Medicare is a health insurance program that provides coverage to people 65 and older and those with certain medical conditions, including those who have any disability.
A person must meet eligibility standards based on the history of their own or their spouse’s job. They may be eligible for free hospitalization but must pay a premium for medical and prescription drug coverage.
To be eligible for Medicare, a person does not need to meet any income-related criteria.
The Medicare eligibility requirement is that you must be 65 years old or older. If you or your spouse are 65 years old or older and have paid enough Medicare taxes through previous employment, you or your spouse may be eligible for premium-free Part A of the Medicare program (hospital coverage).
They may also be eligible for Medicare Part B, covering doctor visits and various other medical expenses.
Some people under 65 may be eligible for Medicare, such as those who have:
- Renal failure toward the end of life
- Amyotrophic lateral sclerosis (ALS) is a type of amyotrophic lateral sclerosis.
Some people, such as those with impairments, may have to wait a certain amount of time before being eligible for Medicare.
Dual-eligible people frequently suffer from chronic illnesses and functional impairments that necessitate more extensive medical treatment.
Someone eligible for Medicare and Medicaid receives twice the amount of money that someone who is only eligible for Medicare receives.
Medicaid eligibility varies depending on where a person resides, as various states have different qualifications.
Every year, Medicaid rules may change.
The Federal Poverty Level (FPL), which the Department of Health and Human Services (HHS) determines every year, is used to determine a person’s eligibility for a variety of government benefits.
In addition to the 48 contiguous states and the District of Columbia, the FPL also applies to Alaska and Hawaii, with Alaska and Hawaii having a higher FPL. The number of people in a family and changes over time determines the FPL.
A person must qualify for either partial-dual or full-dual coverage to be eligible for both Medicare and Medicaid.
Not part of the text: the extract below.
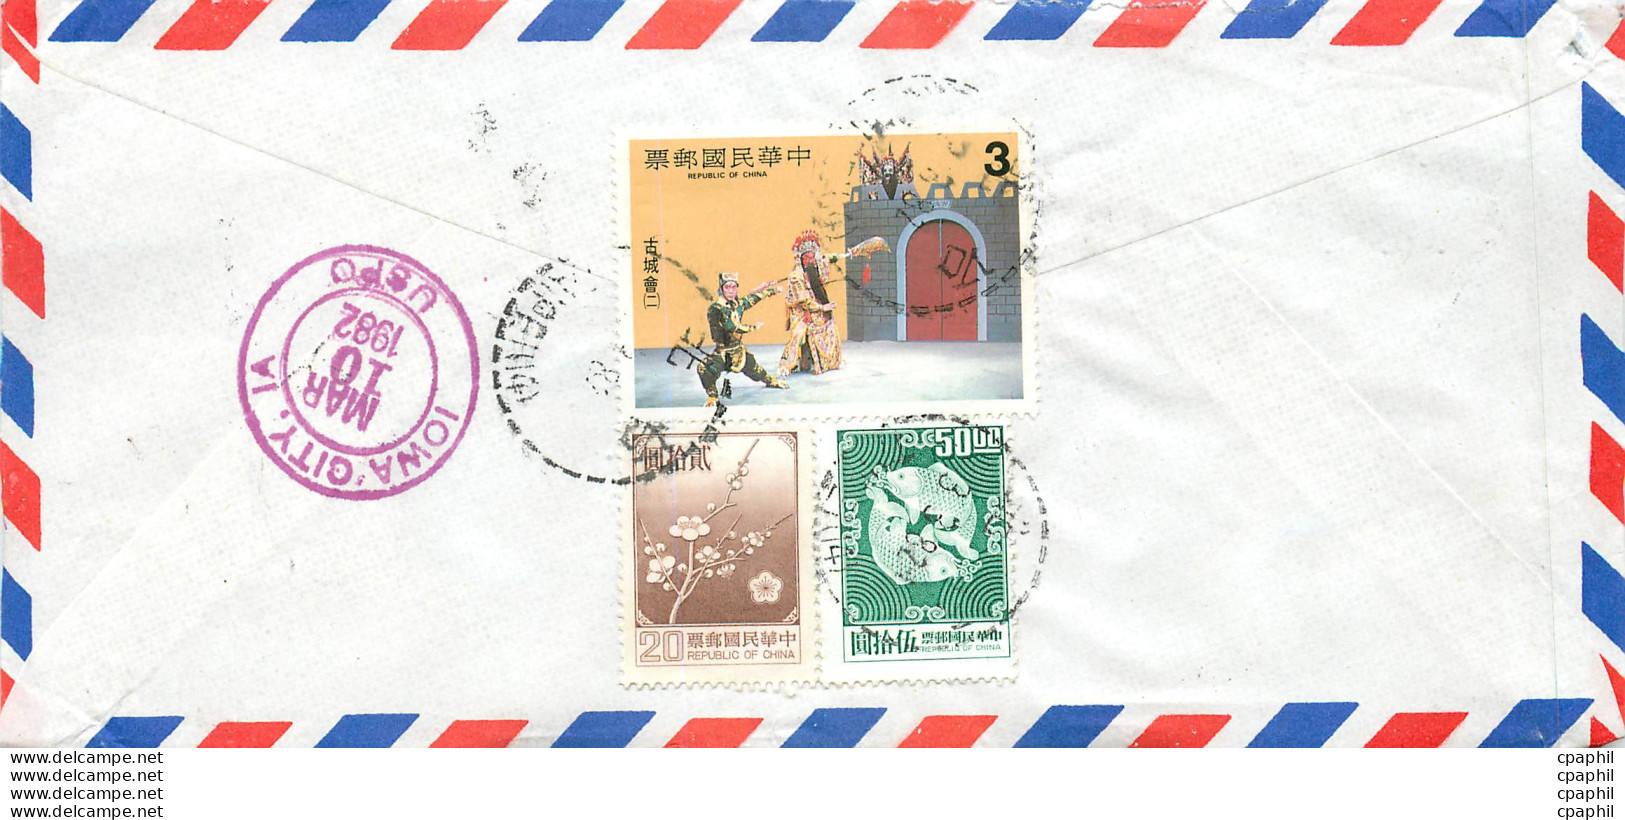 Lettre Cover For University Of Iowa Chine - Storia Postale

The amount of Medicaid assistance a person receives determines their eligibility for partial-dual coverage. The following are some examples of various coverage:
- The premium for Part A (if applicable)
- The premium for Part B
The benefits available to those who qualify for both Medicare and Medicaid coverage may include all of the benefits available to partial-dual enrollees in addition to additional benefits such as long-term care services for those who qualify for both.
Depending on a person’s Federal Poverty Level (FPL), Medicaid provides various programs, such as prescriptive drug assistance programs, that are available to them.
Variations in geography
Medicaid benefits and coverage vary from one state to the next, and there are differences between them. Depending on the state, Medicaid coverage may be available to those who earn more than the standard income limits.
The Medicaid website can assist a person in determining which services are available to them in their area based on their geographic location.
Medicare Part D Extra Assistance Program
Aside from Medicaid, many other programs assist with medical expenses, and government sponsors them. Extra Help, a program that assists Medicare Part D enrollees with their prescription drug costs, can be applied for by a qualified individual.
To be eligible for Extra Help, a person’s combined investments, real estate property, and savings must total no more than $29,160 if they are married and live with their spouse, or $14,610 if they are single.
To learn more about Extra Help and how to apply for it, go to the Medicare website.
A person’s health and income level may qualify them for both Medicare and Medicaid.
Meanwhile, Medicare will generally cover healthcare costs initially, and Medicaid assists with out-of-pocket and non-covered expenses.
Medicaid eligibility varies by state, as well as the income level restrictions.